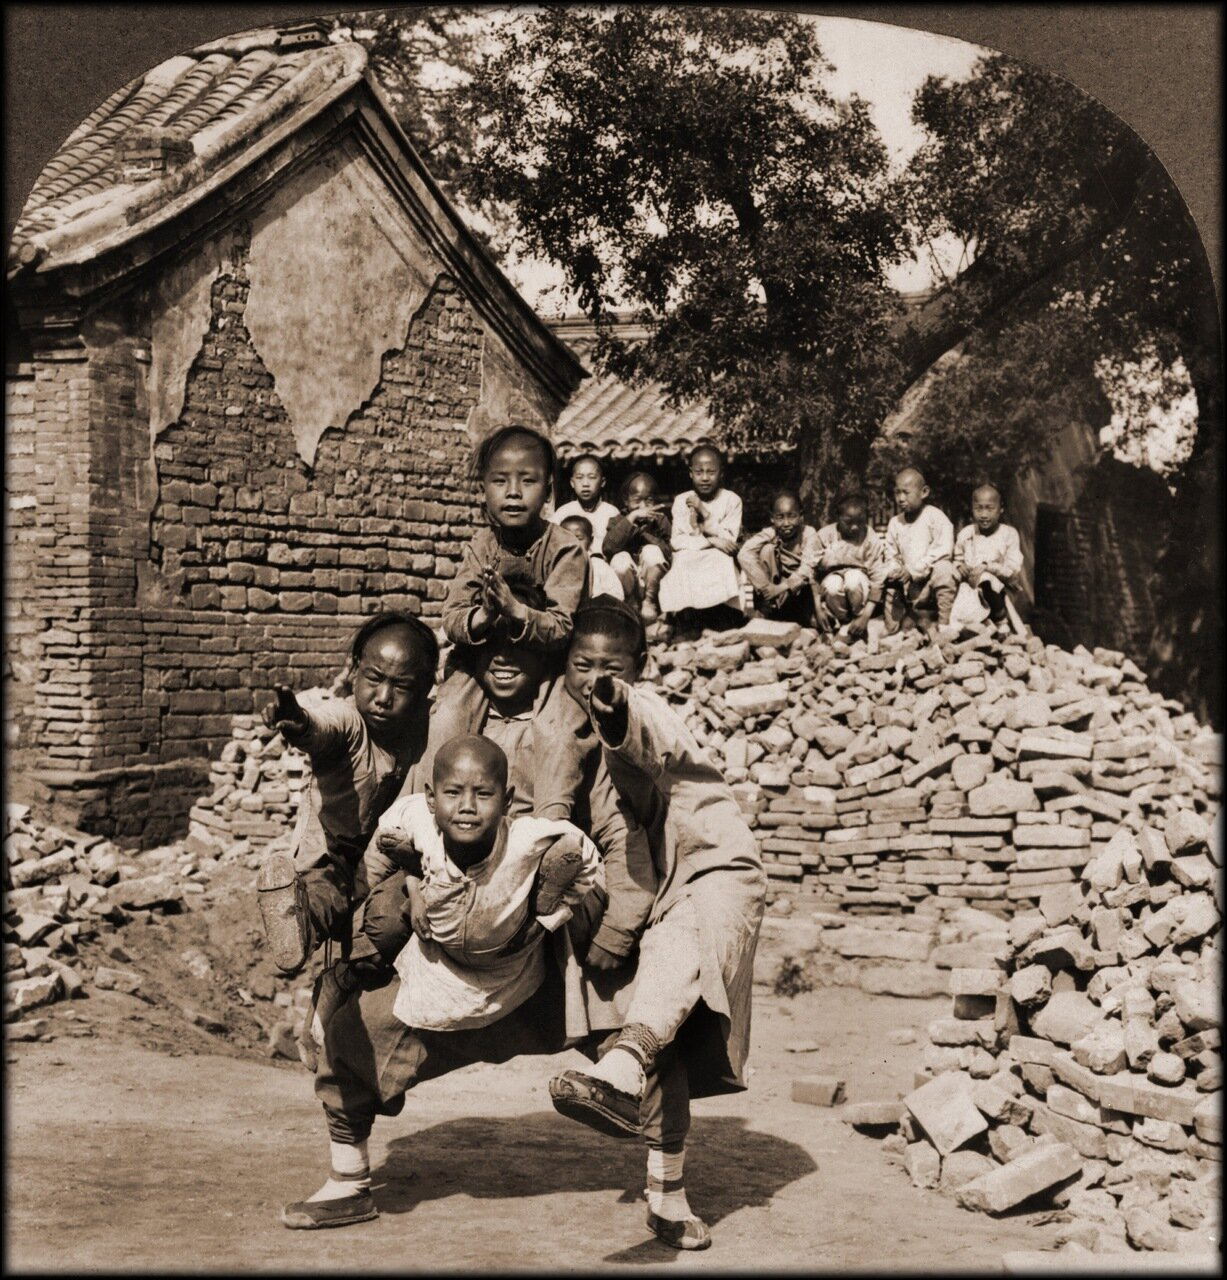 1902. Ученики миссионерской школы играют, изображая голову дракона. Пекин
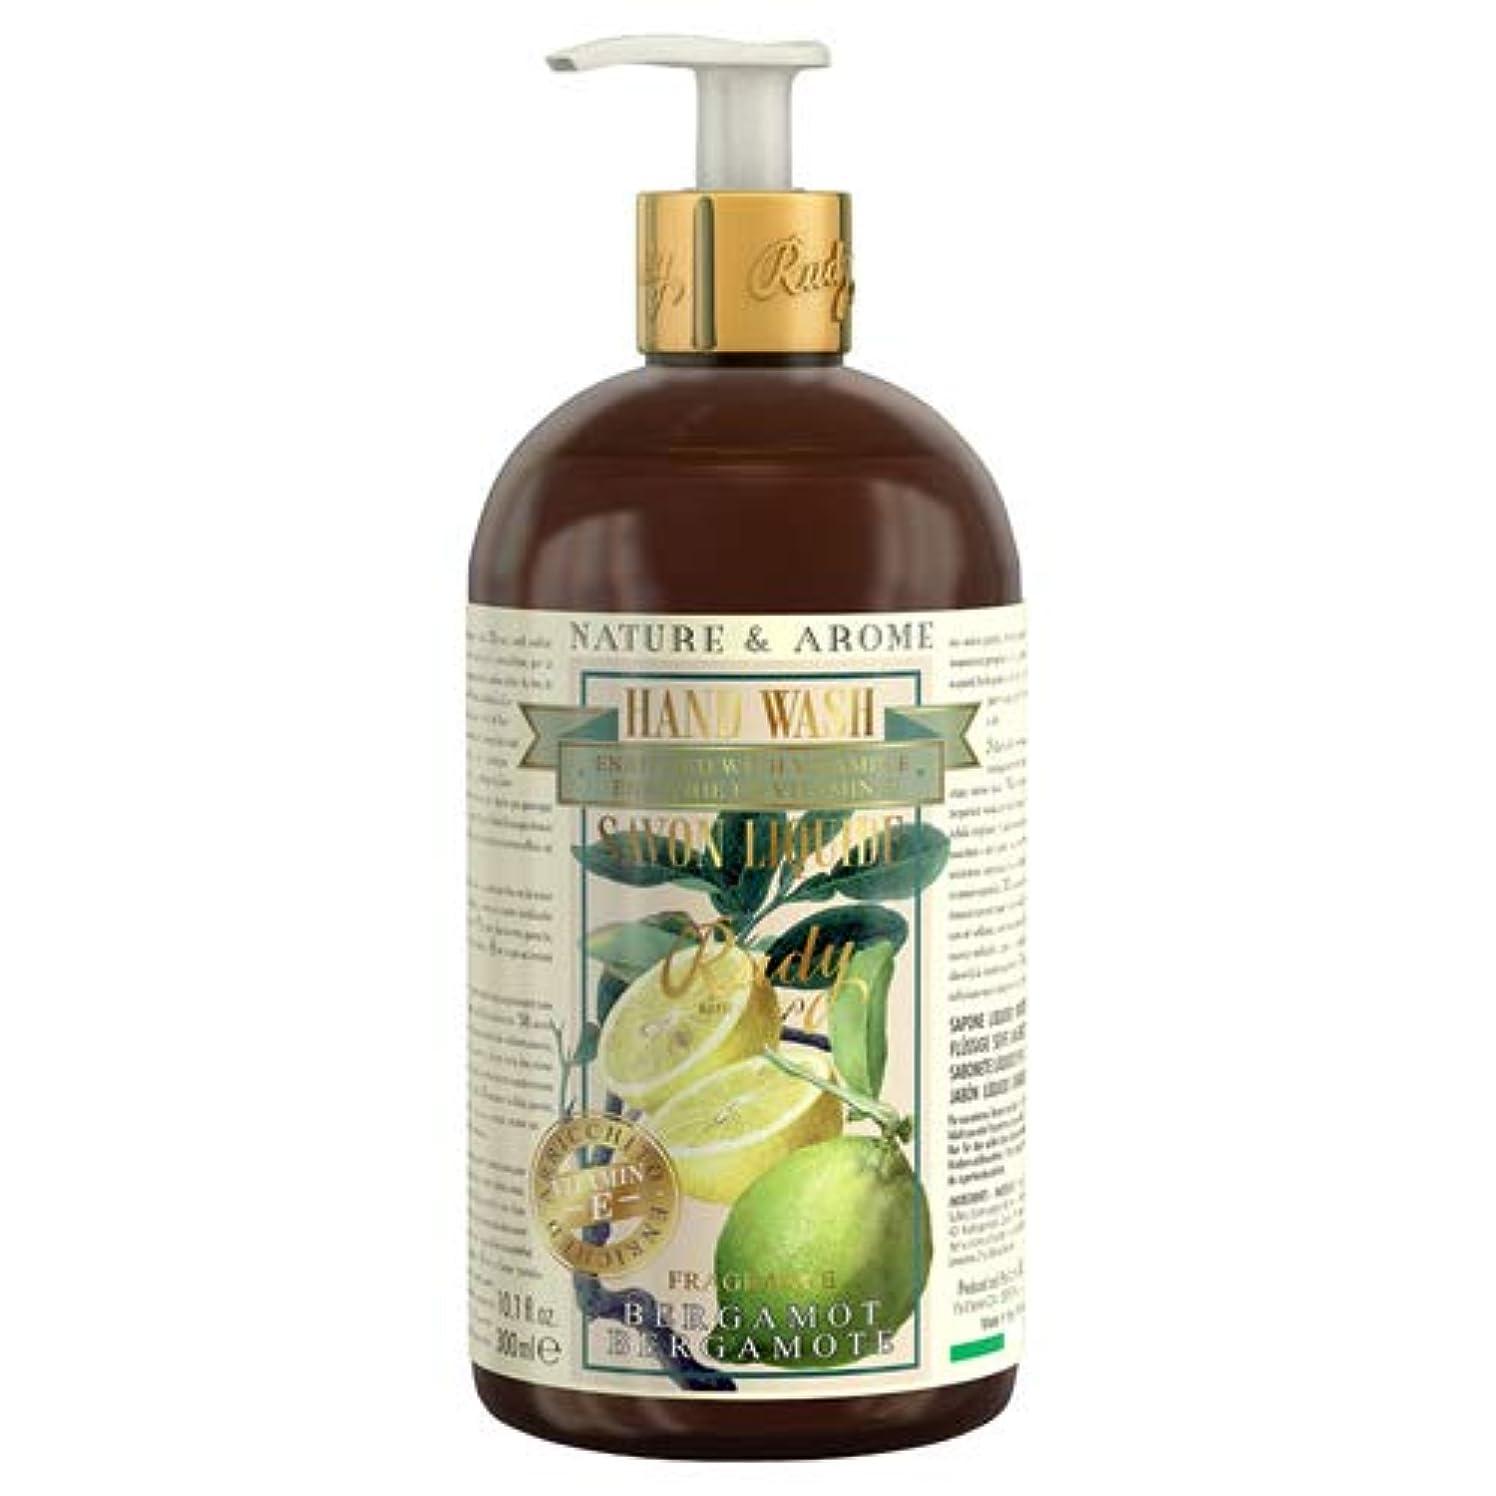 見通しポール従来のルディ(Rudy) RUDY Nature&Arome Apothecary ネイチャーアロマ アポセカリー Hand Wash ハンドウォッシュ(ボディソープ) Bergamot ベルガモット
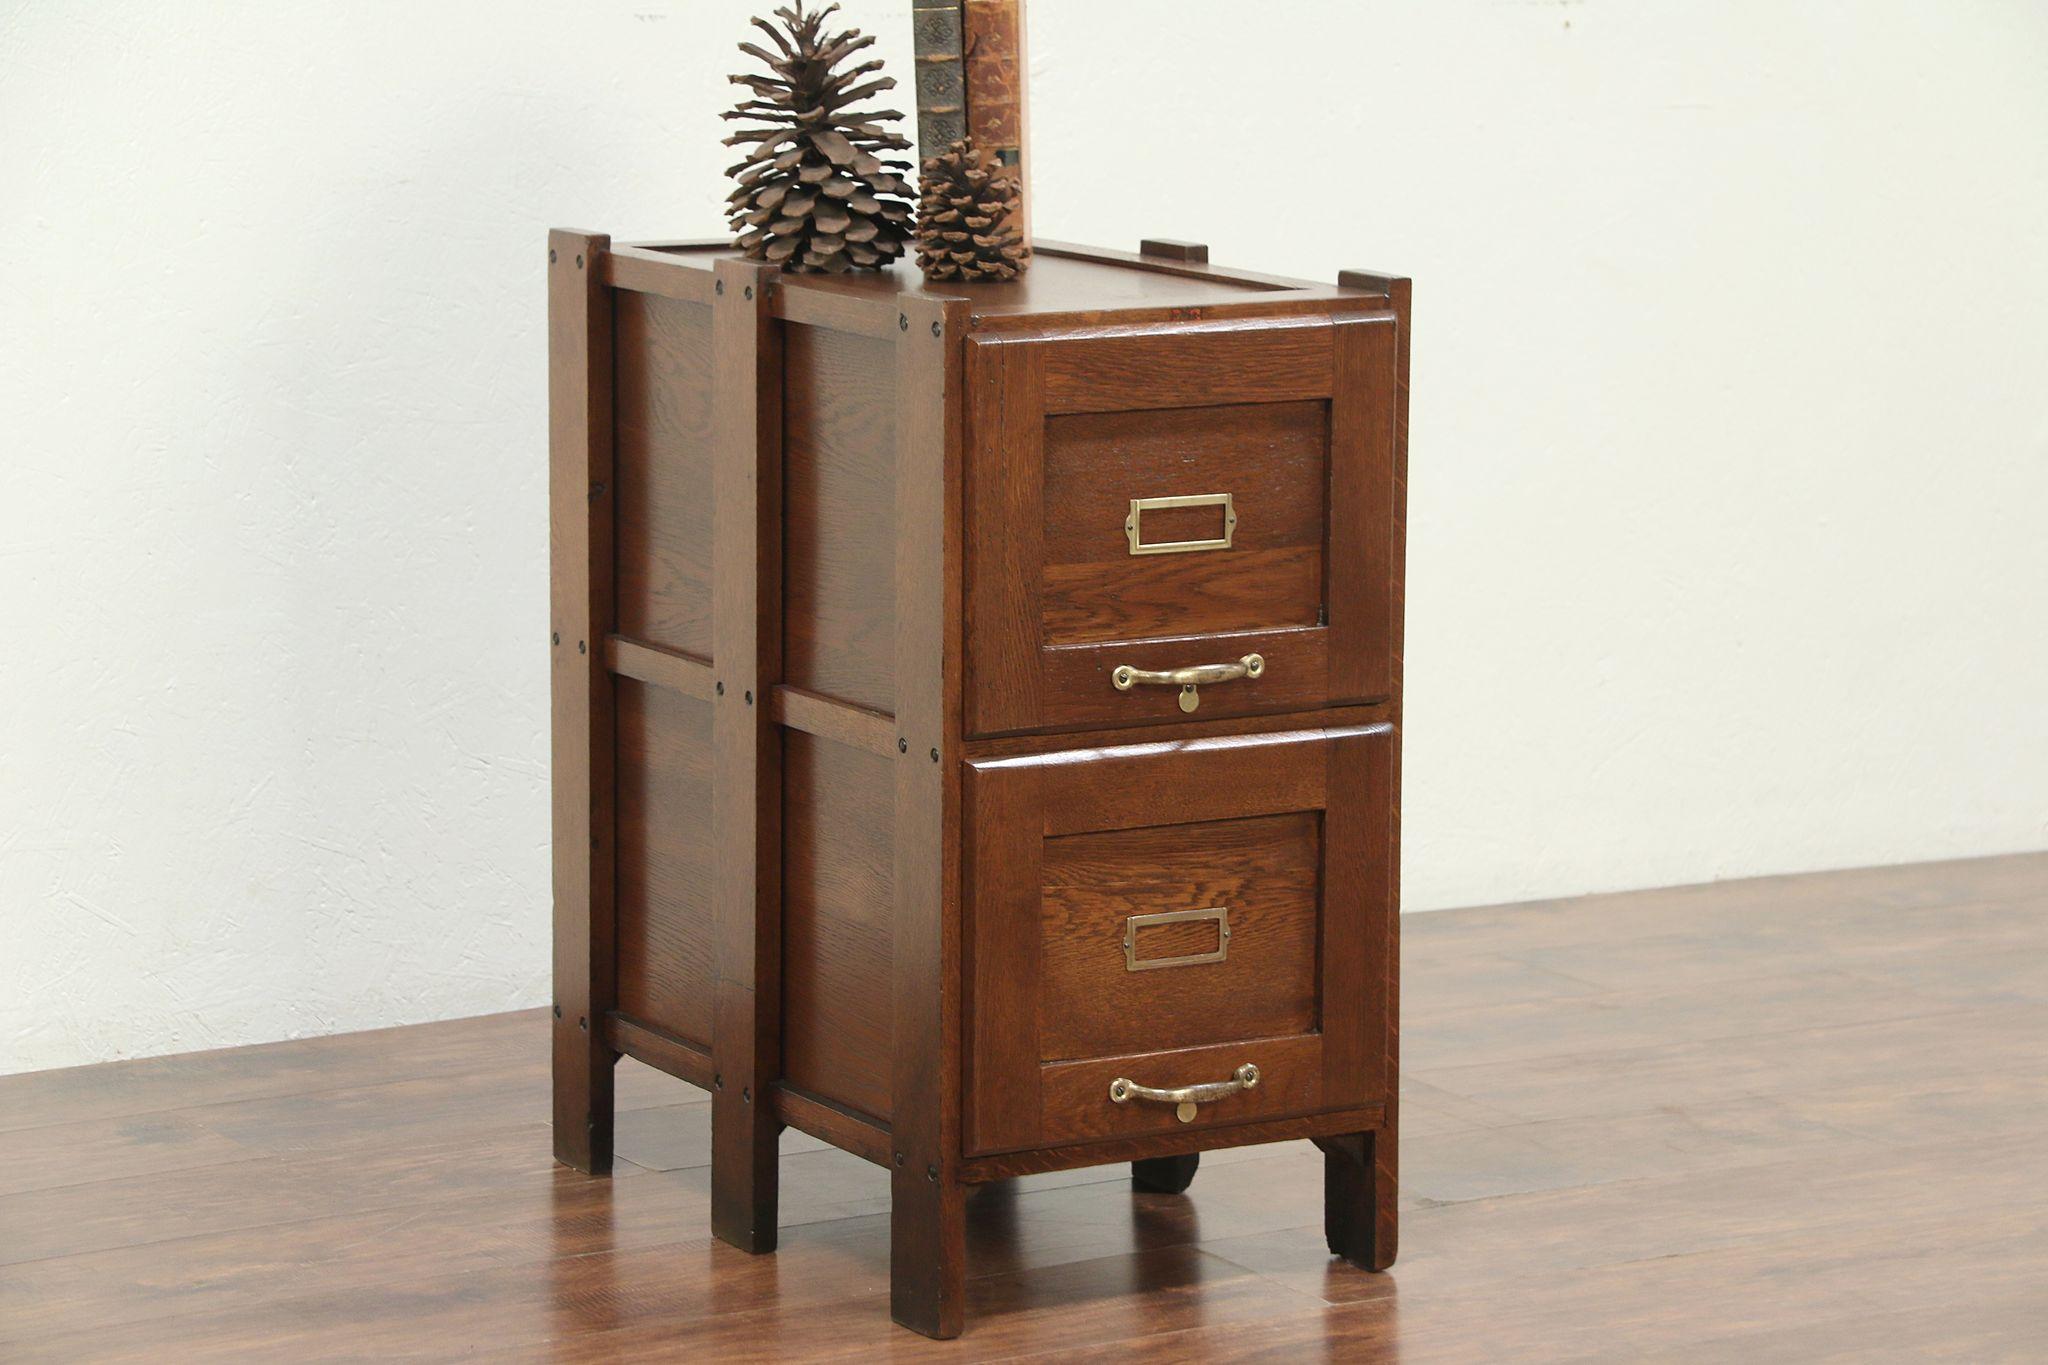 Merveilleux Arts U0026 Crafts Antique Oak 2 Drawer File Or Craftsman Filing Cabinet

---

What the task requires:
Only the lines from the one holding "見通しポール従来のルディ(Rudy) RUDY Nature&Arome" through the end of the data are to be printed, exactly as they stand and with no pictures.

Result of this task:
 見通しポール従来のルディ(Rudy) RUDY Nature&Arome Apothecary ネイチャーアロマ アポセカリー Hand Wash ハンドウォッシュ(ボディソープ) Bergamot ベルガモット
 Merveilleux Arts U0026 Crafts Antique Oak 2 Drawer File Or Craftsman Filing Cabinet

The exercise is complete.